**Assignment:** Your response should be an exact transcription of the data, images excluded.

**Recorded data:**
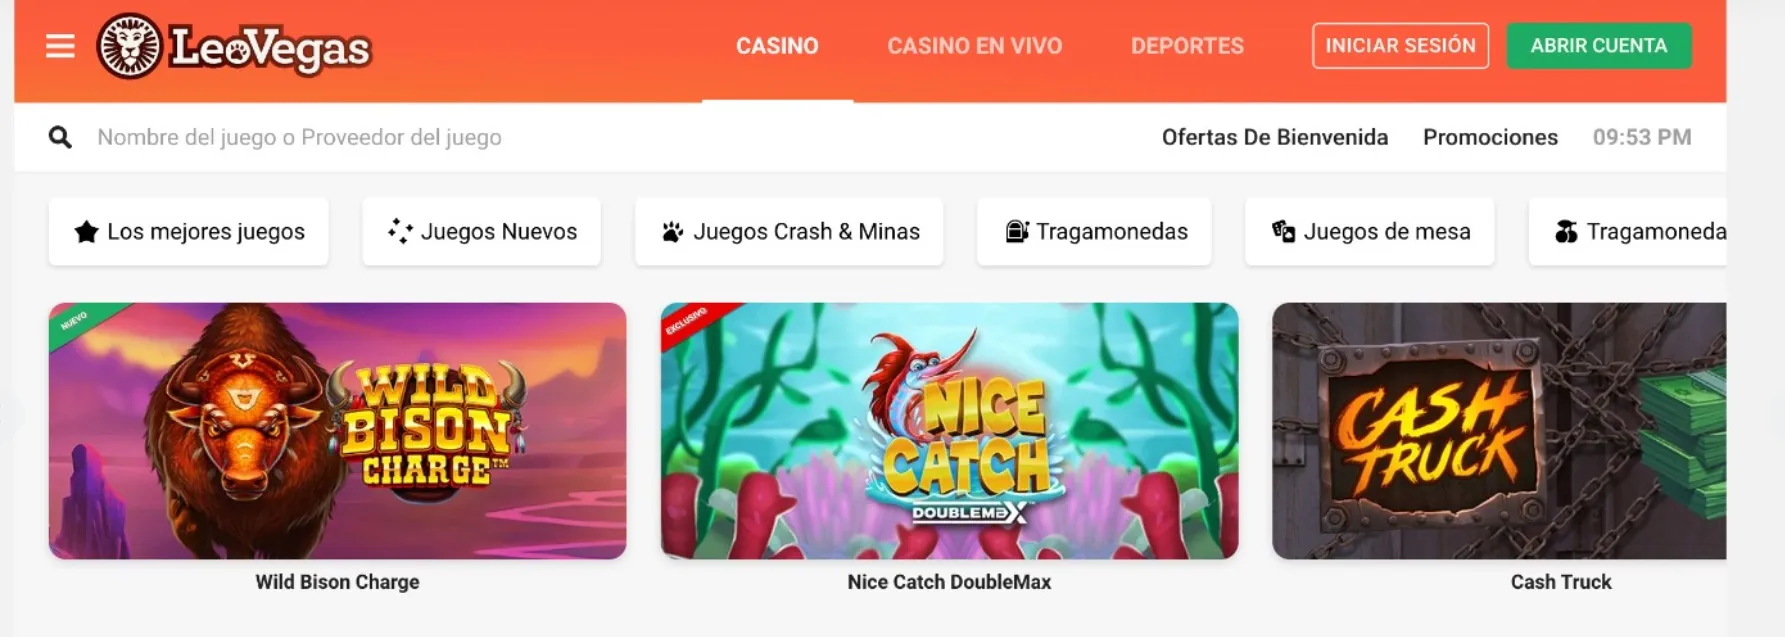 LeoVegas casino online 
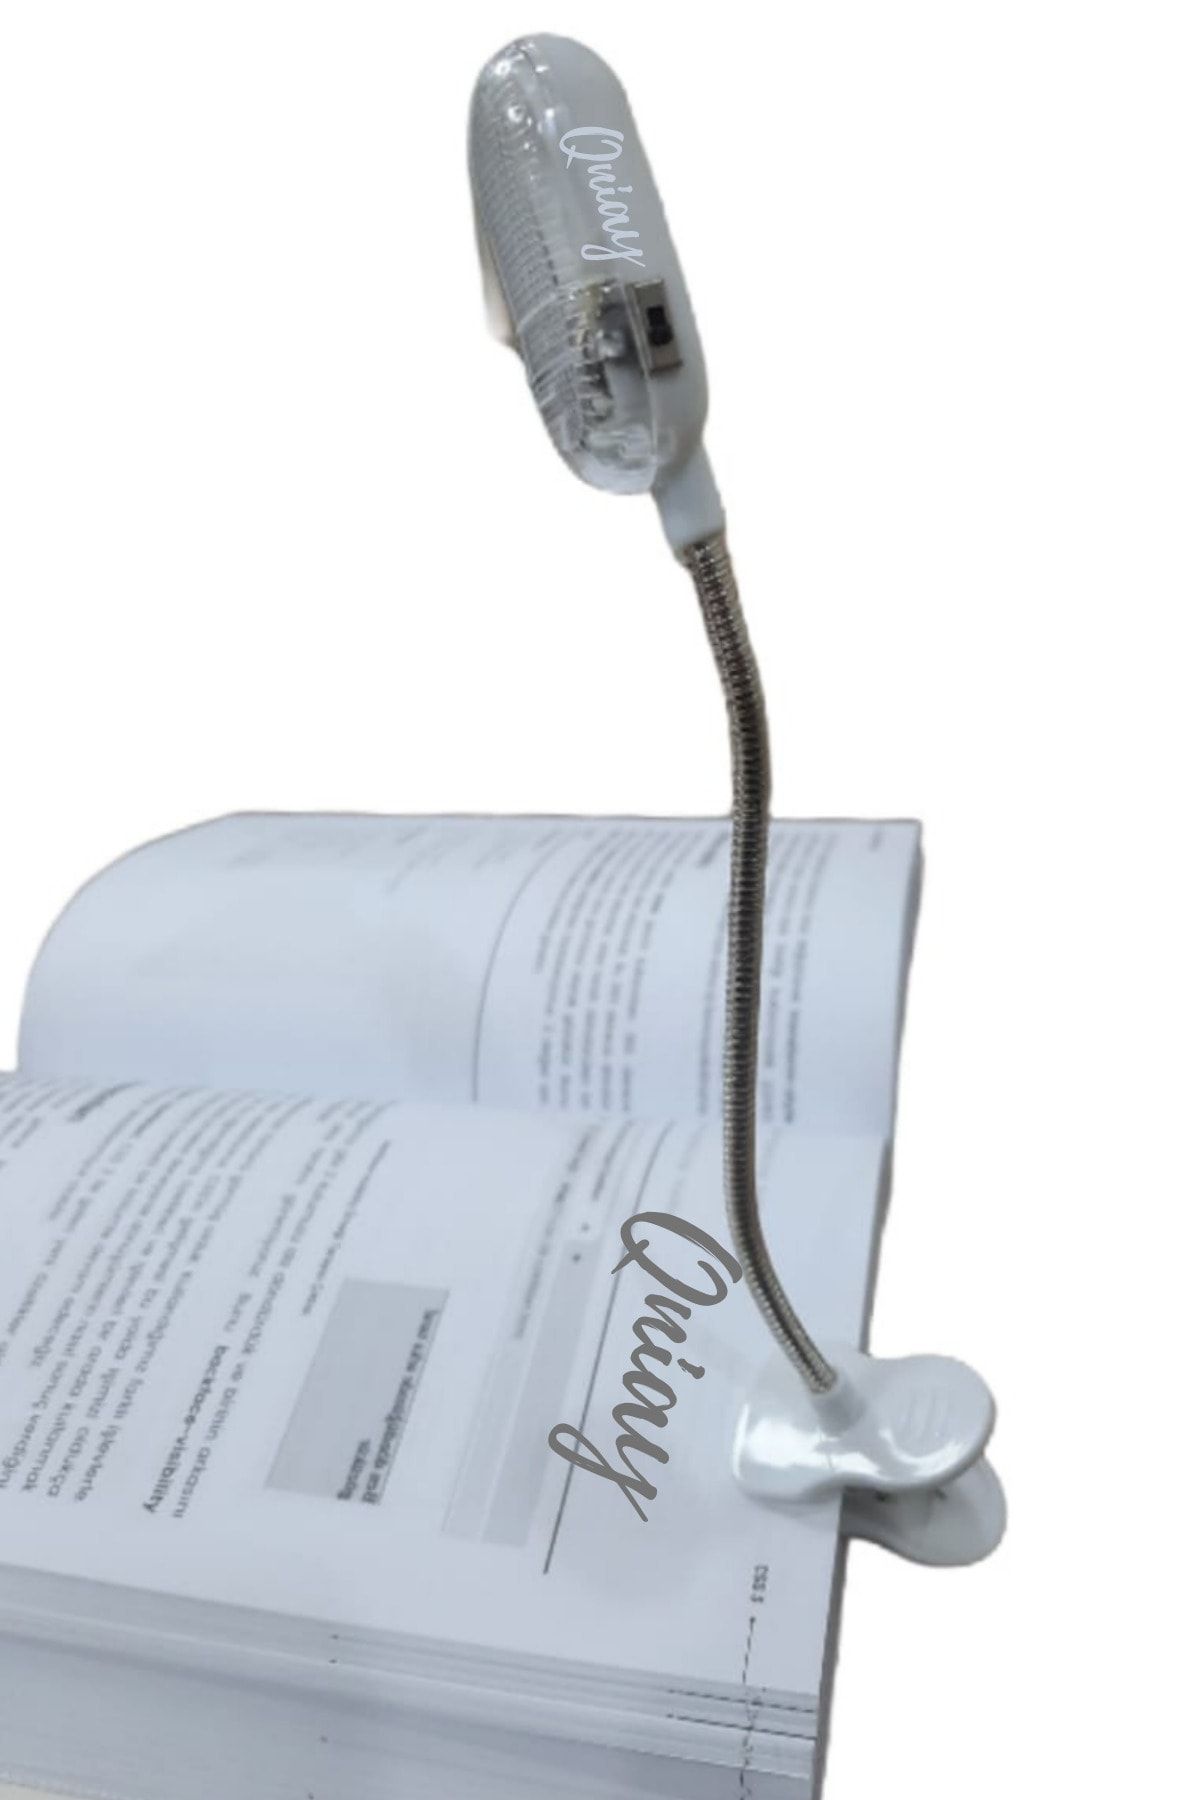 QNİAY Kıskaçlı Led Masa Lambası Yeni Kitap Okuma Işığı Spirali Kıskaçlı Led Lamba ( Pil Hediyeli)
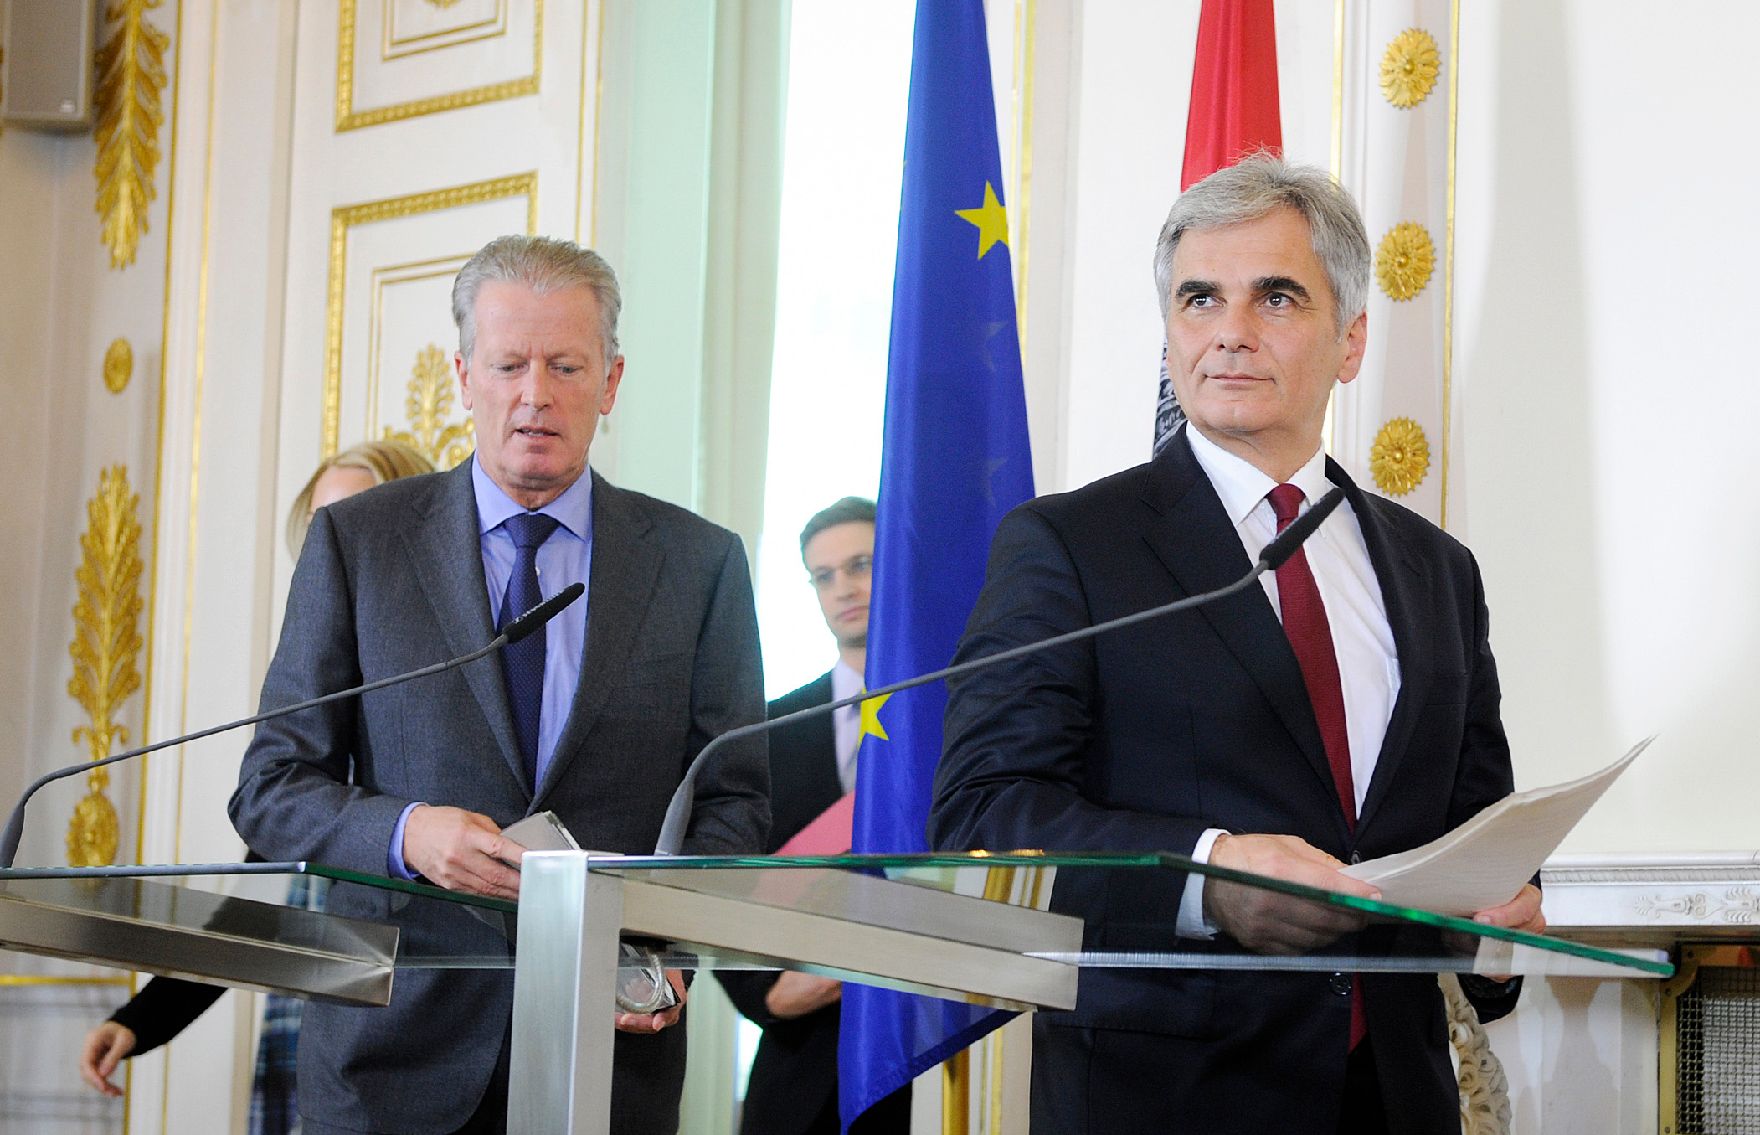 Bundeskanzler Werner Faymann (r.) mit Vizekanzler und Bundesminister Reinhold Mitterlehner (l.) beim Pressefoyer nach dem Ministerrat am 10. November 2015.

**Exercise result:**
 LeoVegas casino online 
 QNİAY Kıskaçlı Led Masa Lambası Yeni Kitap Okuma Işığı Spirali Kıskaçlı Led Lamba ( Pil Hediyeli)
 Bundeskanzler Werner Faymann (r.) mit Vizekanzler und Bundesminister Reinhold Mitterlehner (l.) beim Pressefoyer nach dem Ministerrat am 10. November 2015.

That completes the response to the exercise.